Differences have also been reported in the flexibility of each domain. MD studies of CaM predicted greater flexibility in the N-terminal compared to the C-terminal domain.^26-28,58 In a recent theoretical study Tripathi and Portman found that local unfolding (“cracking”) is necessary in the closed-to-open transition in the C-domain, in contrast to the more flexible N-domain.²⁸ The results presented here are consistent with the higher flexibility of the N-domain in apoCaM.
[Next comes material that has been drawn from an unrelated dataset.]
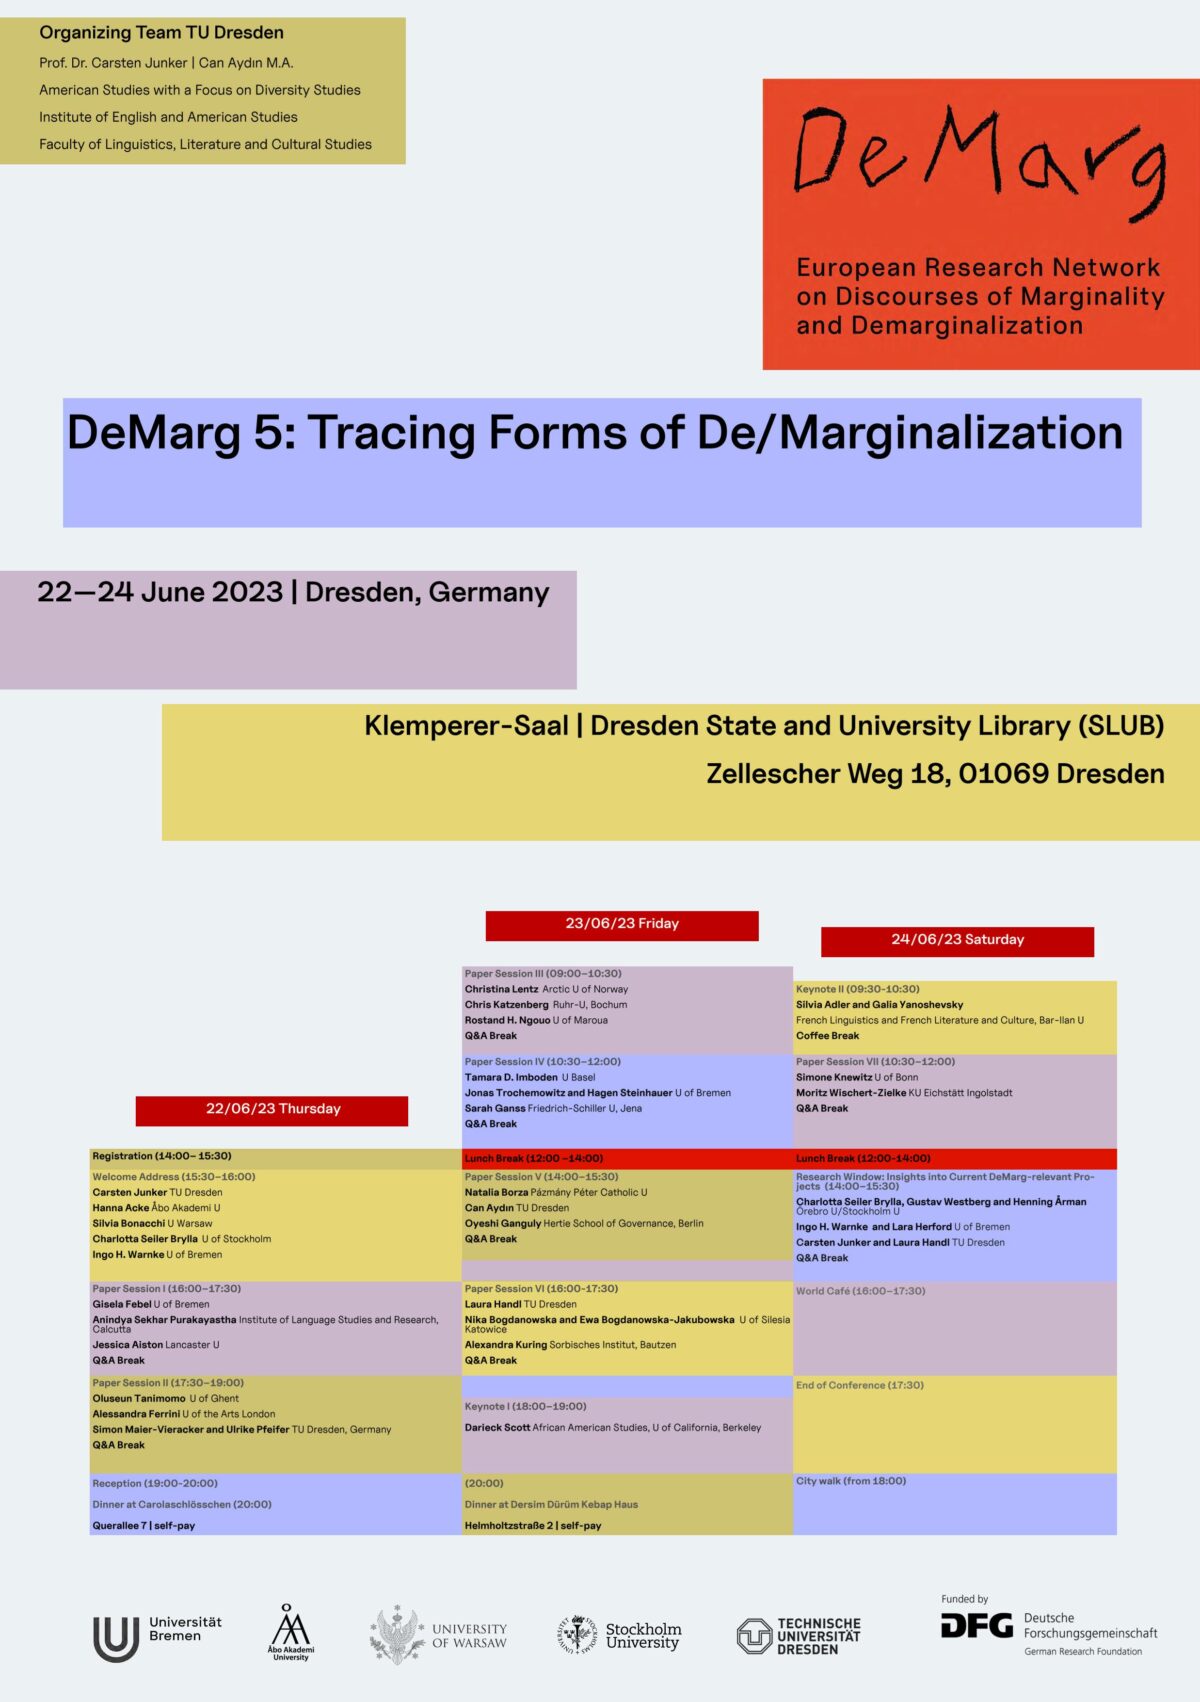 Poster der DeMarg (European Research Network on Discourses of Marginality and Demarginalization) DeMarg 5: Tracing Forms of De/Marginalization
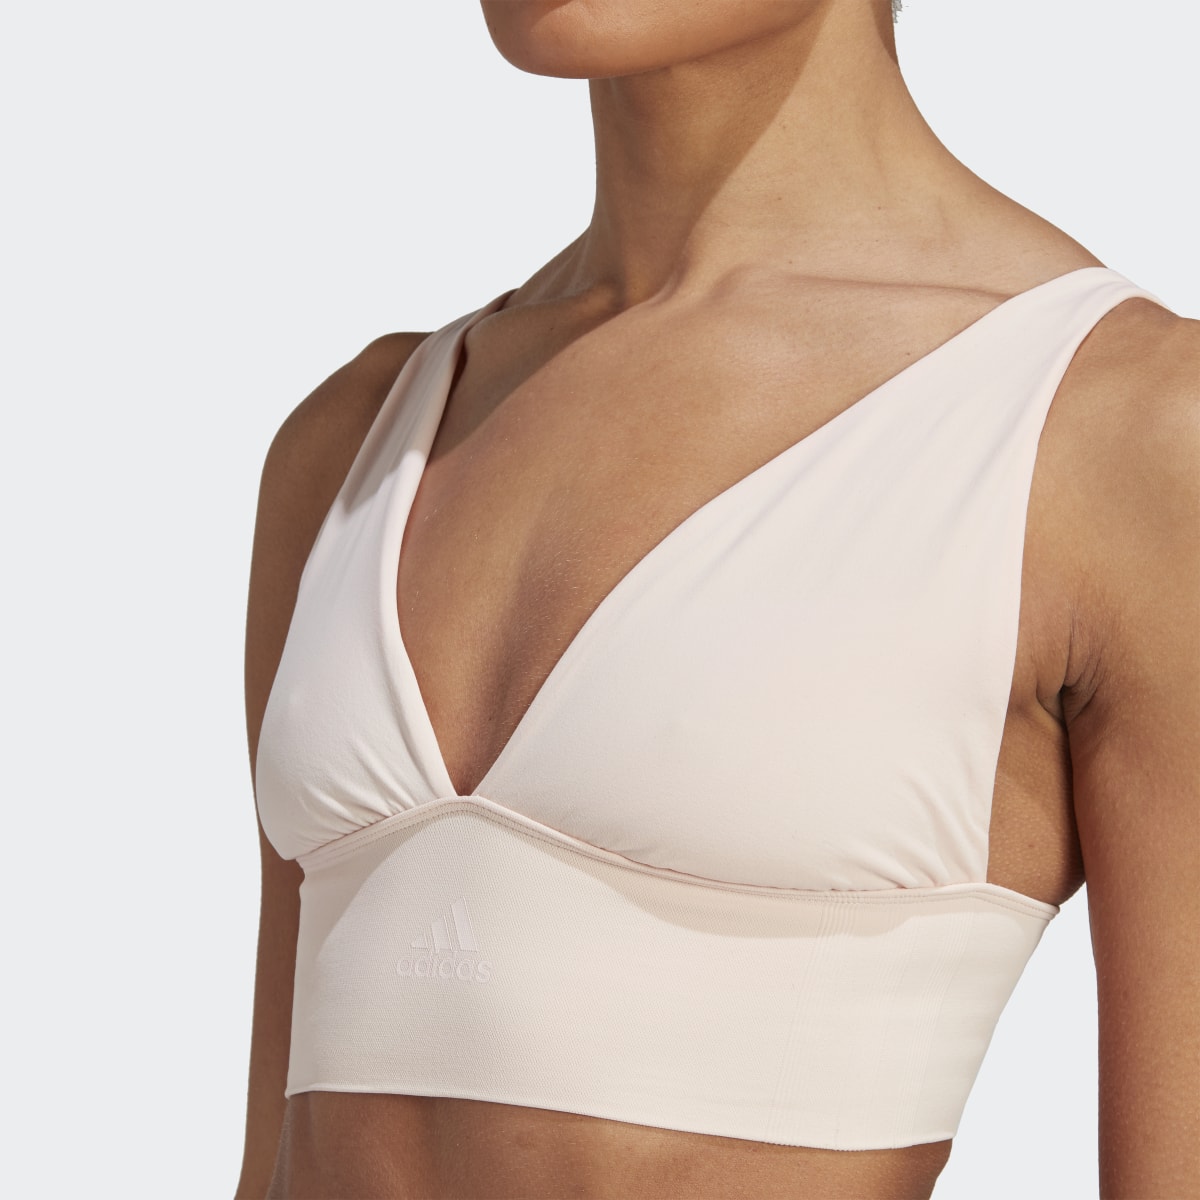 Adidas Active Seamless Micro Stretch Long Line Plunge Lounge Bra. 7

Given the conformational changes necessary for Ca²⁺ binding, the rates of Ca²⁺ dissociation or binding must represent lower limits on the rates of conformational changes. According to the population shift picture of protein function,^2-7 the conformational changes required for Ca²⁺ binding are already present within the dynamics of CaM in the absence of Ca²⁺. From this point of view, static closed or open structures of CaM are not expected, and fluctuations exploring a range of conformations can be anticipated within each domain in the absence of Ca²⁺. Interestingly, the dynamics observed are significantly faster than Ca²⁺ binding and dissociation kinetics, suggesting either that the dynamics are decoupled from Ca²⁺ binding and release, or that Ca²⁺ binding and dissociation events occur at low probability with each conformational fluctuation.

Conclusions

This study demonstrates detection of dynamics by FRET-FCS with FRET probe labeling sites separated by 25 to 30 Å. The goal of the study was to investigate conformational dynamics within the N-terminal and C-terminal domains of CaM. The use of an acceptor fluorophore absorbing in the near-infrared produced a Förster radius of <40 Å, providing sensitivity to FRET over shorter distances than typical for commonly used visible fluorophores. The presence and time scale of intramolecular dynamics were detected by application of a global fitting approach reported previously.²¹

Comparison of autocorrelation and cross-correlation decays reveals dynamics in both the N-terminal and C-terminal domains on the 30 to 40 μs time scale. The results indicate a greater amplitude of dynamics at low Ca²⁺ in the N-terminal domain of CaM, consistent with the reported greater flexibility of that domain. The amplitude of dynamics was strongly sensitive to Ca²⁺ in the N-terminal domain, in contrast to the C-terminal domain, where the amplitude changed little with Ca²⁺ concentration. The Ca²⁺ dependence of amplitudes suggests that the dynamics detected in the N-terminal domain (but not in the C-terminal domain) are coupled to conformational changes in the Ca²⁺-binding E-F hand domains. This result is consistent with the presence of dynamic, flexible domains.